The panic is not over yet. As on the last lap I hit the brakes well before the 100-metre marker but I´m travelling faster than before; entering the first bend too rapidly. I squeeze the brake lever harder, and the combination of ultra-light bike, sticky front Michelin and massive carbon discs seems to stop the Cagiva almost dead as I fight to prevent myself being thrown over the handlebars.

With forearms straining and heart pounding I manage to stay in the seat, and just as quickly the Cagiva is back under control. The bike´s impeccable handling poise means it recovers to make the right-hand bend with barely a complaint, and the phenomenal torque of its engine sends it screaming off again towards the next turn despite being in too high a gear.

But for this novice factory-bike pilot the point has been made, and I won´t be getting so over-confident on my remaining handful of laps. Riding this scarlet rocket ship of a 500cc works grand prix bike, with its superb chassis and new generation of ultra-torquey big-bang V4 engine, is one thing. Riding it hard, getting anywhere near the limits of its stupendous performance, is something very different again.

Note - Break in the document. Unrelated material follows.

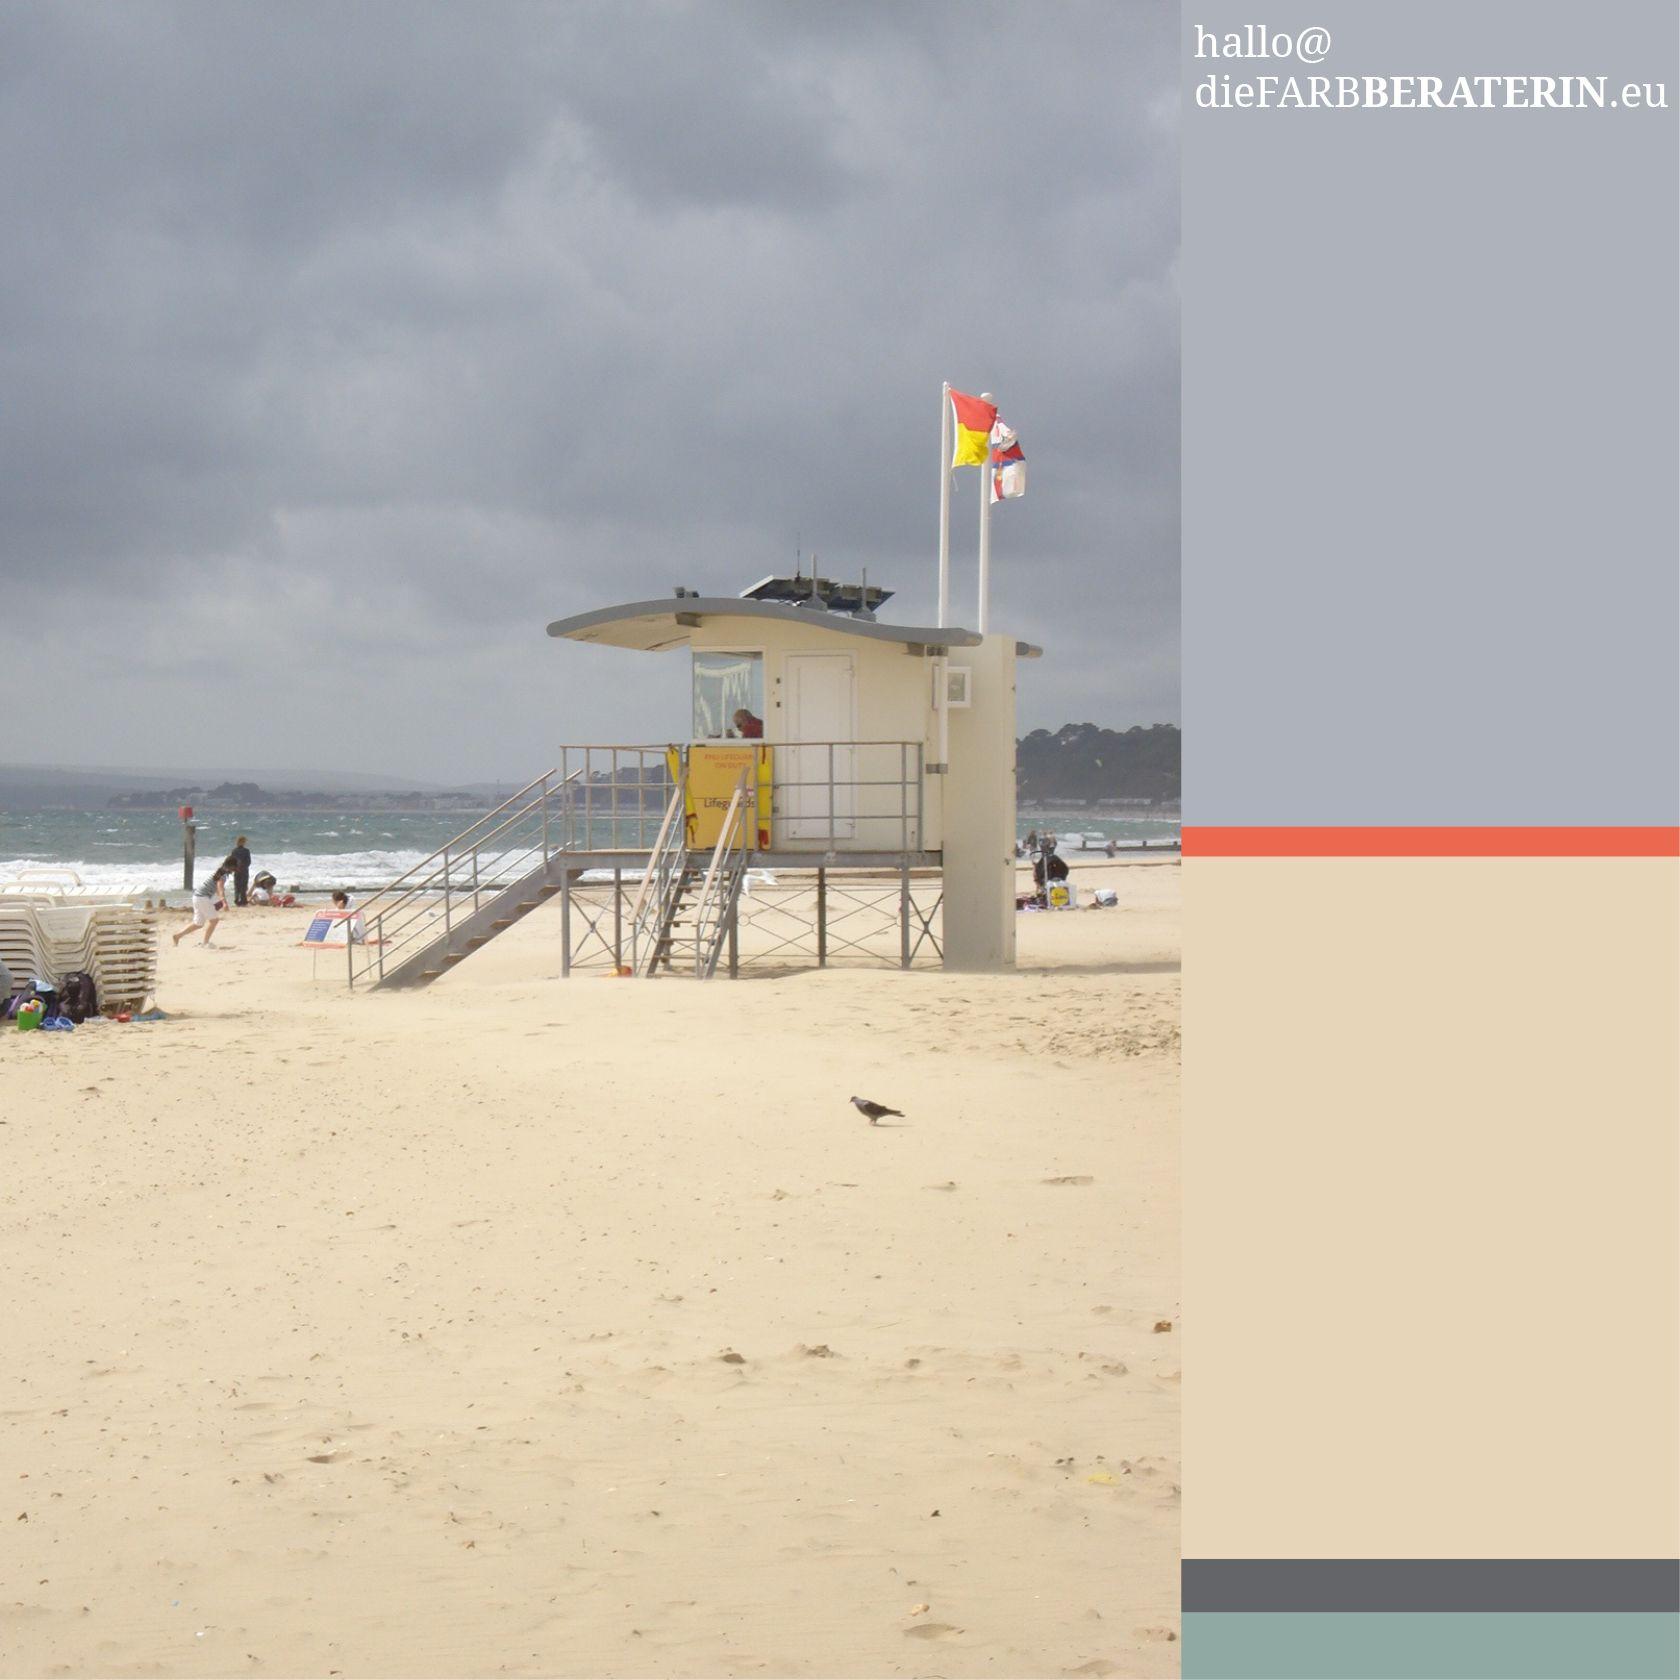 Farbkombinationen Blau Grau: #farbinspiration #bounemouth #beach #dorset #england #2008

That mastering the Cagiva C593 should be impossible for all but a few riders should come as no surprise for this, after all, is one of the very fastest motorcycles on the planet. The last time I´d set eyes on a 500 Cagiva, John Kocinski had been standing on its pegs and waving on his victory lap after the US Grand Prix at Laguna Seca. Much of last season´s glory may have belonged to champions Suzuki but Cagiva, with their first ever dry-race 500 win, had announced that they were serious contenders at last.

It´s been a long haul for the Italian firm whose quest to build a race winning 500 was launched with an uncompetitive straight-four piloted by Virginio Ferrari back in 1981. A square-four and various different V4-powered 500s followed in the Eighties with limited success, although riders including Jon Ekerold, Raymond Roche and Randy Mamola – who managed a third place at the wet Belgian GP in 1988 – scored championship points without ever seriously troubling the Japanese factories.

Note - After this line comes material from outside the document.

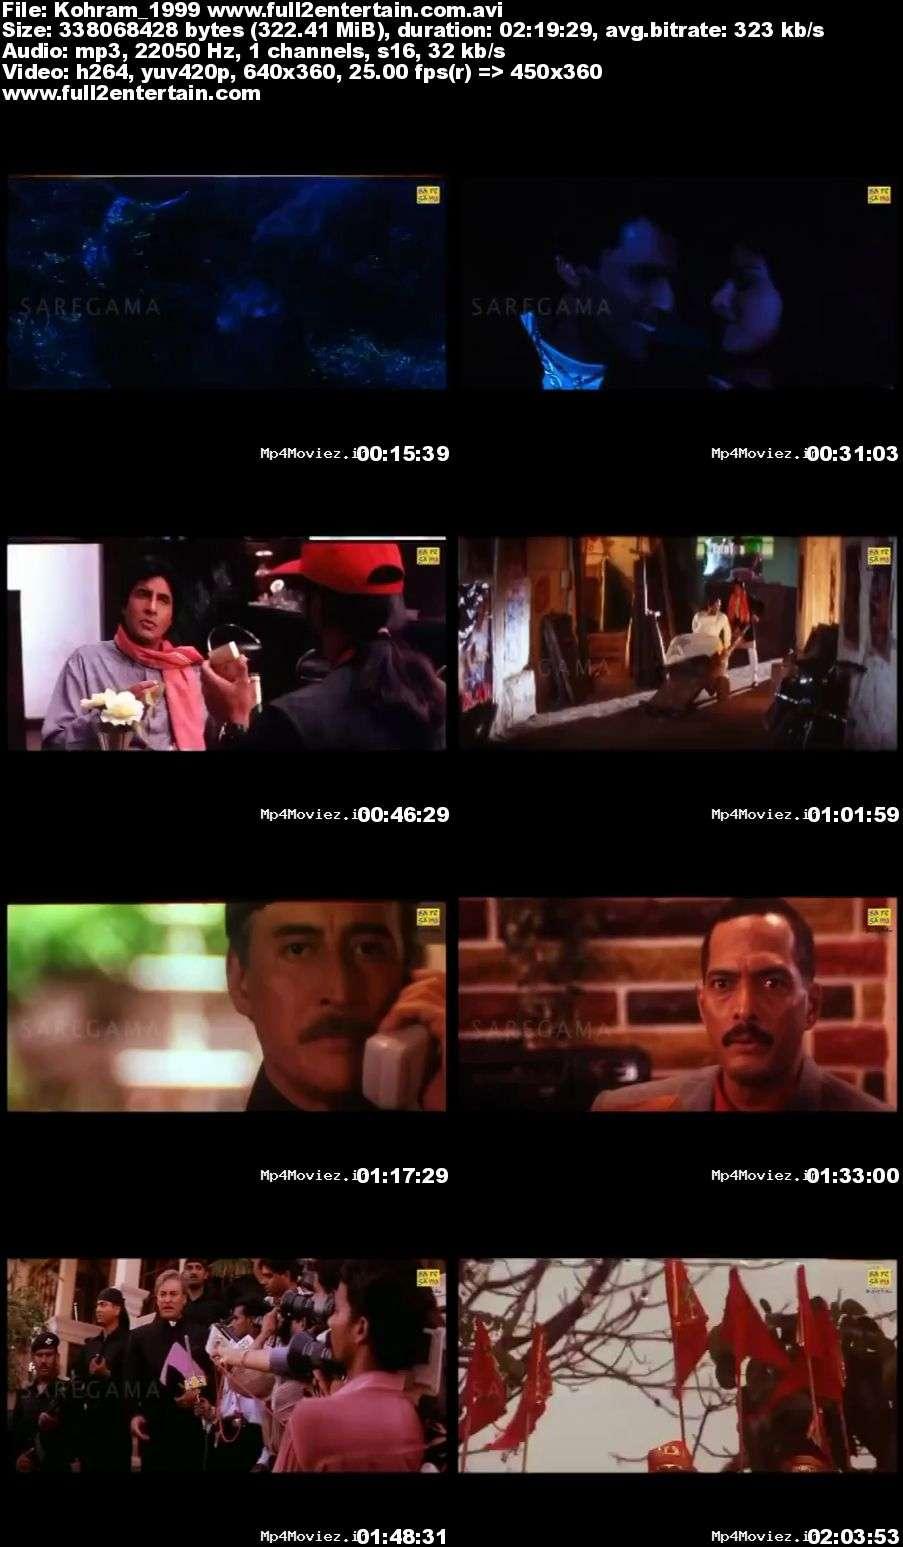 Kohram 1999 Full Movie Download Free in Dvdrip 480p

During the last few seasons, though, Cagiva have been edging closer and closer. In 1992 they finally won a race, when Eddie Lawson – the four-times champ hired for mega-money a year earlier – made an inspired tyre choice at a drying Hungarian GP. Ask Cagiva technical director Riccardo Rosa or race-team boss Fiorenzo Fanali which one factor has done most to make the bike competitive, and they insist that it is a combination of little things: technical changes, better organisation, rider input. But the name Eddie crops up a lot.

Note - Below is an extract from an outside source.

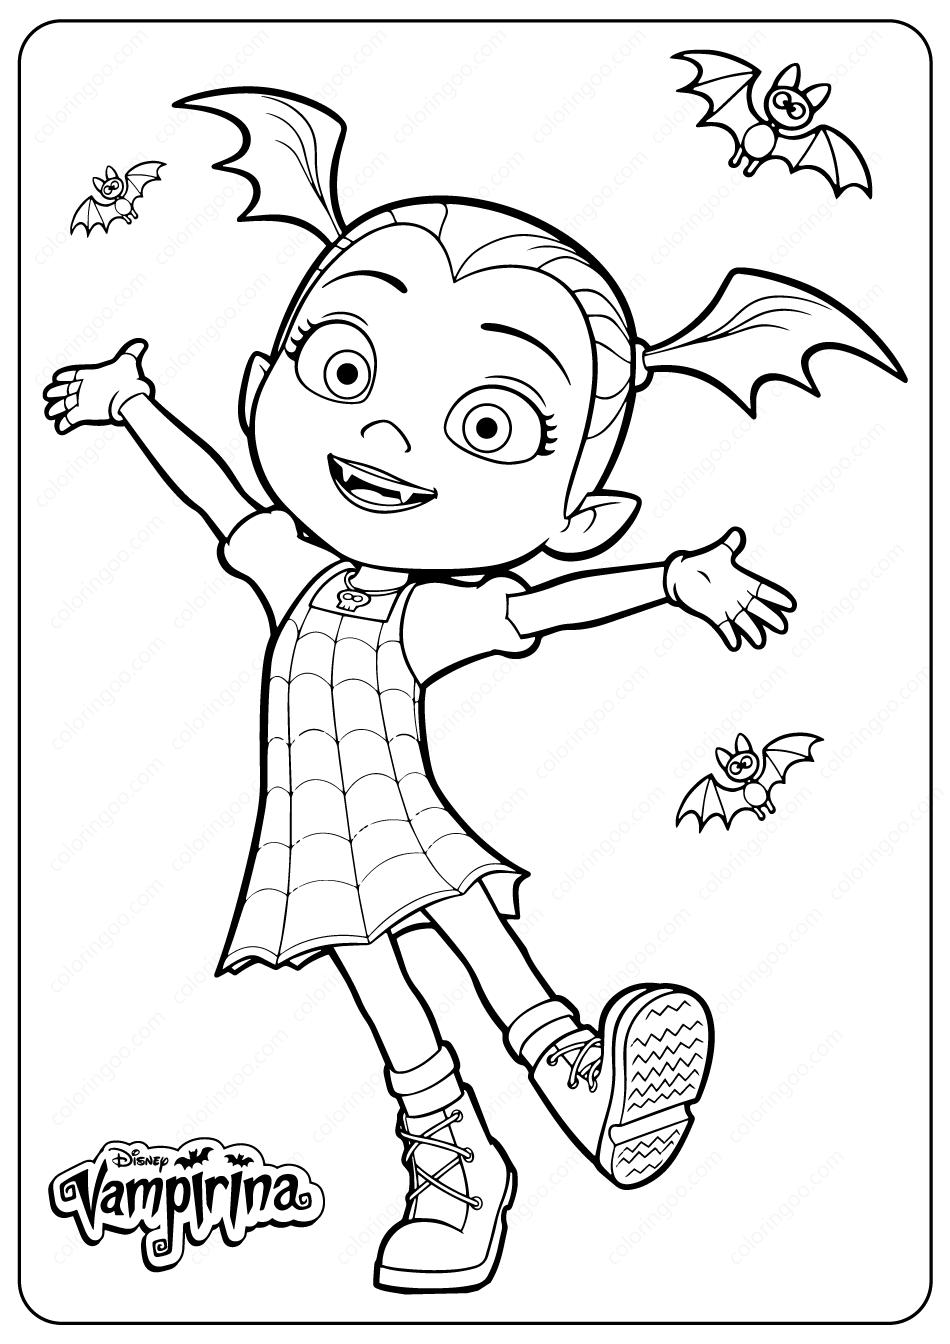 Printable Disney Junior Vampirina Coloring Pages

Last season, with rapid American Doug Chandler and hot young Aussie Mat Mladin on board, promised much. But both riders struggled with injuries, and with the semi-active Showa suspension of the new C593 (also referred to as the V593, but Cagiva prefer the C designation). Changing to Ohlins suspension made a big difference but it was only when wild child Kocinski, desperate for a 500 ride after splitting with Suzuki, joined the team that Cagiva´s season took off with two fourth places and then that epic Laguna Seca win.

John´s name and number three plate are on the fairing of the familiar red machine that sits in the pit garage of a cold and windy Misano racetrack. The Cagiva looks small and muscular. Perhaps the C593 lacks the sleek style of some previous years, but it´s streamlined and supremely purposeful, from the big air intake in its nose to the twin carbon tailpipes exiting under the seat.

Pressurising the airbox gave an important mid-season power boost to a motor that now puts out a little over 175bhp at 12,500rpm, slightly down on Honda´s NSR and Suzuki´s RGV, but roughly level with Yamaha´s YZR. It´s an 80-degree V4, with twin counter-rotating crankshafts (like all but the Honda) and, naturally, a big-bang firing order. Carburation is by four 36mm Mikunis, with fuel-injection a distinct possibility for next season.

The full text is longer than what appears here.